But after graduation the big gap occurs — the aliens, now re-defined as "students", get the tax break, as do their employers, but the citizen graduates (and their employers) do not. So if an employer is looking at two equally qualified job applicants, both recent college graduates and both willing to work for $50,000 a year (a recent average salary for new college graduates), one an alien and one a citizen, that employer may very well prefer the alien who will be $4,000 a year cheaper than the citizen. Payroll taxes come to a little over 8 percent of the paycheck; in OPT, neither worker nor the employer has to pay the 8 percent; the trust funds lose bundles as a result.

The two parts of the OPT program that subsidize the alien alumni are the first year, or the OPT per se period, of the subsidy; if the alien alumnus has (as many of them do) a major in the fields of science, technology, engineering, or math (STEM), then the subsidized employment can go on for as much as two more years, for a total of three years. Many in these categories use OPT as a middle step while waiting for a slot as an H-1B worker (where there is, appropriately, full payment of payroll taxes).

If that is not complicated enough, there are two steps within the OPT alumni program that are covered by the previously shown data, but not really explained. An alien graduate gets an authorization from his or her university to seek OPT (and OPT/STEM) work; and then, in another step, after securing a job offer, the alien files for an employment authorization document (EAD) from U.S. Citizenship and Immigration Services.

I tried to get an explanation from the Student and Exchange Visitor Program (SEVP) as to why there were, for example, 69,650 "students" working in the OPT/STEM Program in 2018 (see the last row of Table 1) while in the same year, in Table 3, we see 118,660. I was told that the two items are not comparable, which is accurate, but not very helpful. I was further told that there are some overlaps among the three categories of OPT; one might be working under CPT and have received an authorization for OPT, for example.

My sense is that there is a serious drop-off in STEM/OPT participation from a university authorization to the granting of the EAD because of two main factors: (1) sheer passage of time; and (2) the intervention of the H-1B program. Other possibilities include that some of those with authorizations, but not EADs, leave the country. Also, some may find a way to work, presumably illegally, with an authorization, but without an EAD.

In any event, DHS should produce an easy-to-understand set of data on OPT workers and might — gasp! — actually report that each of them, and each of their employers, is getting a subsidy on the grounds that they are not U.S. citizens or green card holders. An odd reason for a subsidy.

The latter admission is probably too much to expect.

So How Many OPT Workers Are There? Just dealing with OPT and OPT/STEM, and ignoring CPT for the moment, just how many former foreign students got these subsidized jobs in 2018?

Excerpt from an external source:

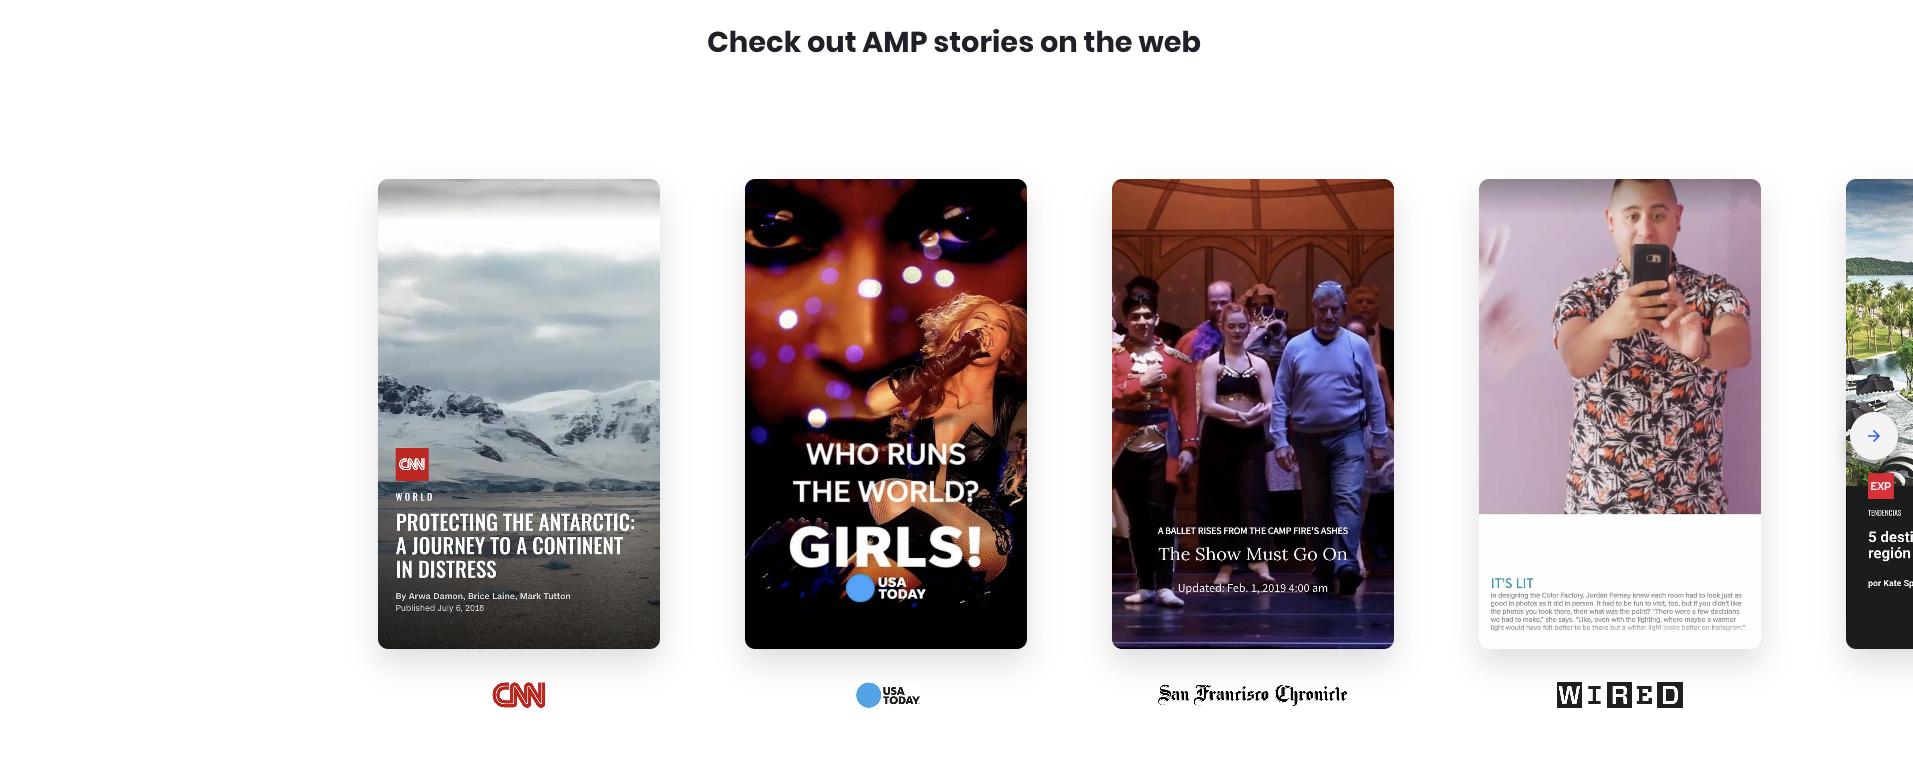 AMP Storiesのshowcase

Table 1 shows 145,564 in 2018 for OPT, and 69,650 in OPT/STEM, for a combination of 215,214.

Table 2 shows a total of those in SEVIS with OPT of 208,065.

Table 3, dealing with authorizations rather than work permits, shows a combination of OPT and OPT/STEM at 407,075, which was up from the comparable figure of 383,201 in 2017 found in Table 4.

Further, if one looks at the comparable numbers for 2017 and 2018, one finds that four of the comparisons show a decline and four an increase.

With all this in mind, I would say that there was little net movement from year to year, and that 200,000-plus would be a plausible estimate of the size of the subsidized workforce in the two alumni programs, OPT and OPT/STEM, in 2018. But the public should not have to go through the gyrations described above to get the real number of alien alumni in these programs.

The apparent fact that OPT was running at something like the 2017 level in 2018 is encouraging, after years of constant expansion. And though I hate to be proven wrong, it is good news for the nation that the number of such alien workers is closer to 200,000 than to 300,000, as I previously estimated, based on authorization data, rather than the more pertinent EADs.

One other thing is perfectly clear, as two other tables provided by SEVP show (here and here) that with this program, like H-1B, a majority of workers come from India. In 2017, that percentage was 55.6 percent and in 2018 it was 59.4 percent. The number of Indians in the program in 2018 was 70,521 (by the measure used in these tabulations) compared to 25,843 from China, 2,086 from South Korea, 1,677 from Taiwan, 1,355 from Iran, and 1,268 from Nepal; no other country breaks the 1,000 mark.

That we are subsidizing employers to hire Iranians rather than Americans in this program — in total contrast to our general policy of seeking to cripple the Iranian economy — is noteworthy, to say the least.